There are two very distinct groups of lines here: one where lines look like y=1/x equation and
reach sky high indeed and another one where the points are actually very close to the bottom left
corner (meaning "work fast and don't need too much memory")
and some of them even descend below the y=1 line, which means program with this kind of GC
worked faster than one with manual memory deallocation. The great gap between these two
groups of GC variants is the most important fact on this picture. And you know what is the main
difference between those 2 ways to implement GC? The group above ("shitty GCs that need a lot of
memory and are still slow") are non-generational GCs. The group below ("GCs that need much less
memory and work about as fast or even faster than malloc/free") are generational GCs.
By the way GCs in JVM, CLR and natively compiled functional languages like Haskell and OCaml are all
generational, so don't be fooled by this chart.
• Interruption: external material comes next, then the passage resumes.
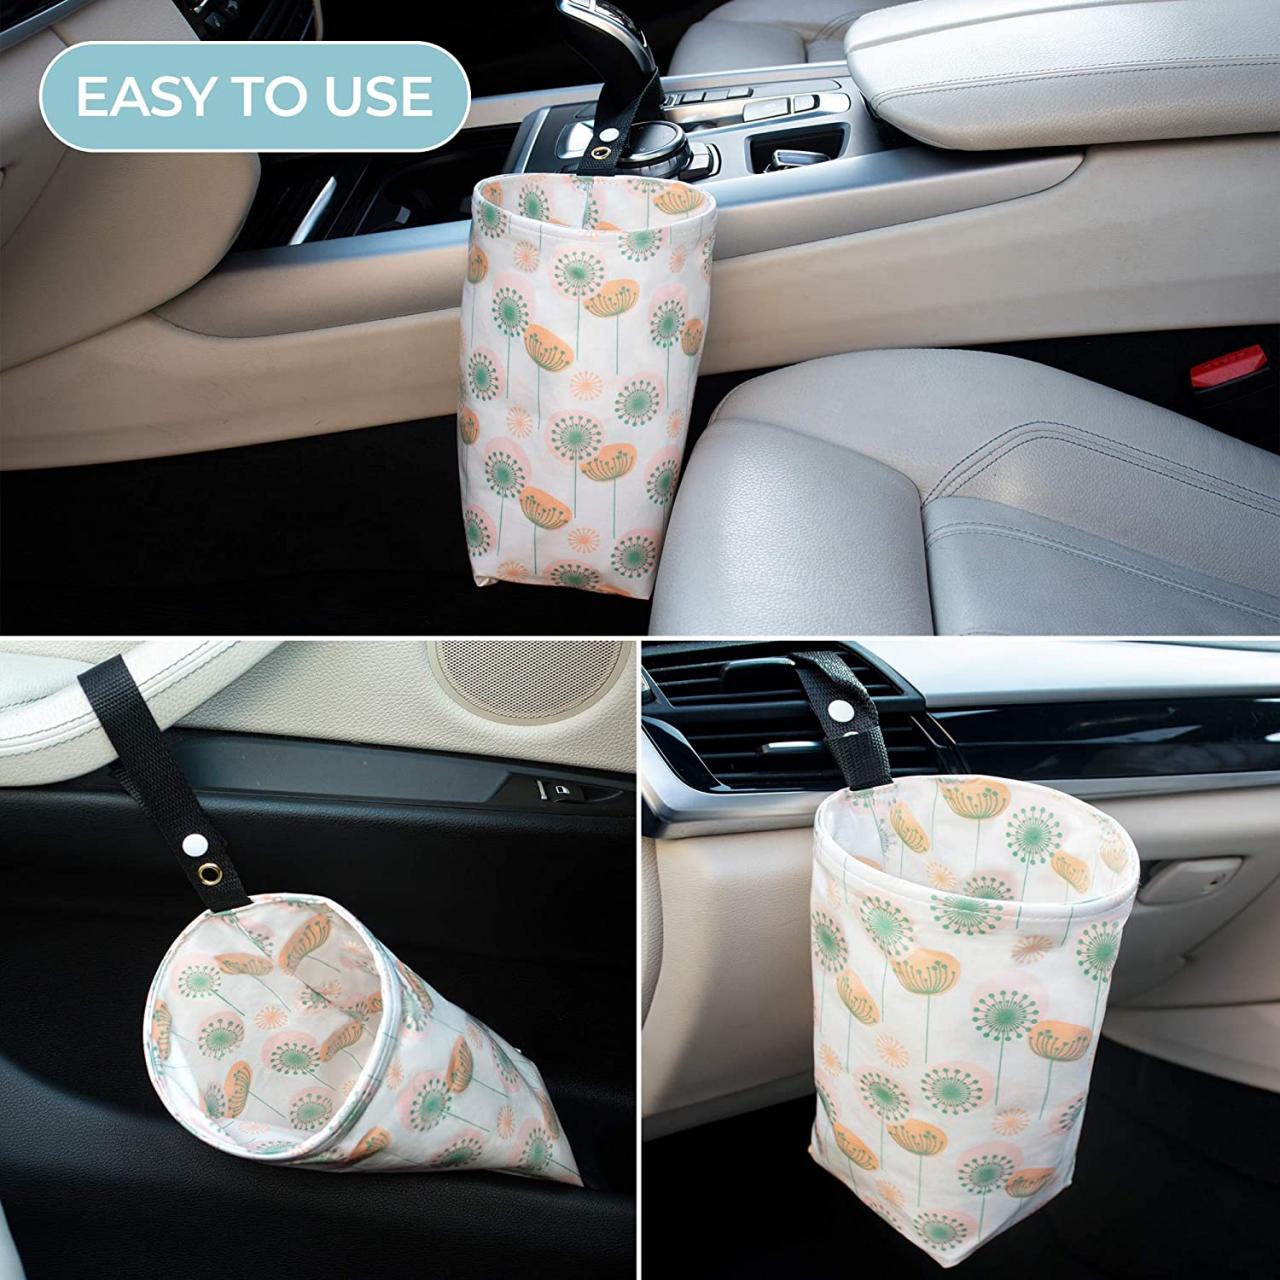 Buy Humble Bear's Car Trash Can Cute & Portable - Waterproof Car Trash Bin  , Multipurpose Car Garbage Bag Will Compliment The Rest of Your Car Decor ,  Usable for Front Seat ,

Moreover, those real-world GCs are much more advanced,
tuned and optimized than the toy implementations made by some students for an academic paper,
so it's reasonable to expect them on similar chart to be even lower and lefter, i.e. requiring less
memory and working faster.
So what is a generational garbage collector? First, let's recap how any tracing GC works. A running program
has a set of roots - pieces of memory where objects are certainly "live": mainly the stack,
global variables and regions of memory explicitly added to the set of roots. Root objects may have pointers
to other objects, those objects can have pointers to even more other objects, so the program can always
reach to these objects and use them.
However if some object doesn't have any pointers to it from live, reachable objects anymore then it
cannot be used. Such objects, even if they point to each other, like Shirley Manson and her friends
in this example, are called Garbage.
Garbage collector
starts from the roots and walks the graph of objects following all the pointers they have.
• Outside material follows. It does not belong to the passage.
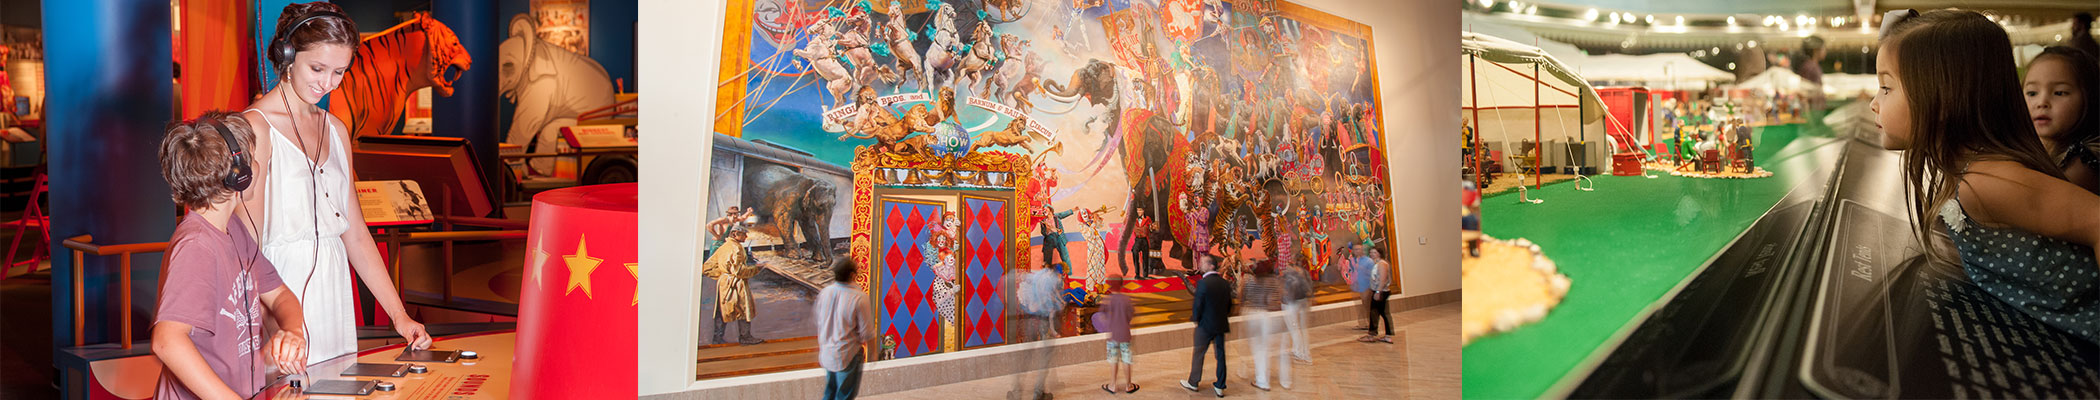 The Ringling Museum Banner Image

During the walk it either marks visited objects as alive or copies them to their new home.
In the former case all unmarked objects (after graph walking is finished) are garbage and get
freed (by joining the free lists for example). In the latter case of copying GC the live objects
find themselves compactified in some memory region while the old space which they abandoned
now contains only garbage and so can be reused later as a clean space for newly allocated objects.
Of course, this graph walking process takes time, a lot of time. In D if you have 1 GB of small
objects in its GC-managed heap, one GC cycle may take a few seconds. Partly because determining
whether some word looks like a proper pointer to managed heap object is a costly operation in D
(as opposed to OCaml, for example, where just one bit of the word needs to be checked). Partly because
if an object contains some pointers the GC in D will scan all the words in this object, not just
the pointers, so more work than necessary gets done. Surely, these things can be improved and optimized,
and the whole process can be parallelized to some extent, however it won't make GC radically faster:
instead of several seconds per GB we might probably reach 1 second / GB, but hardly significantly
better, because no matter how fast your CPU operation is, thrashing cache by reading hundreds of megs
of data won't ever be fast, the RAM is too slow these days.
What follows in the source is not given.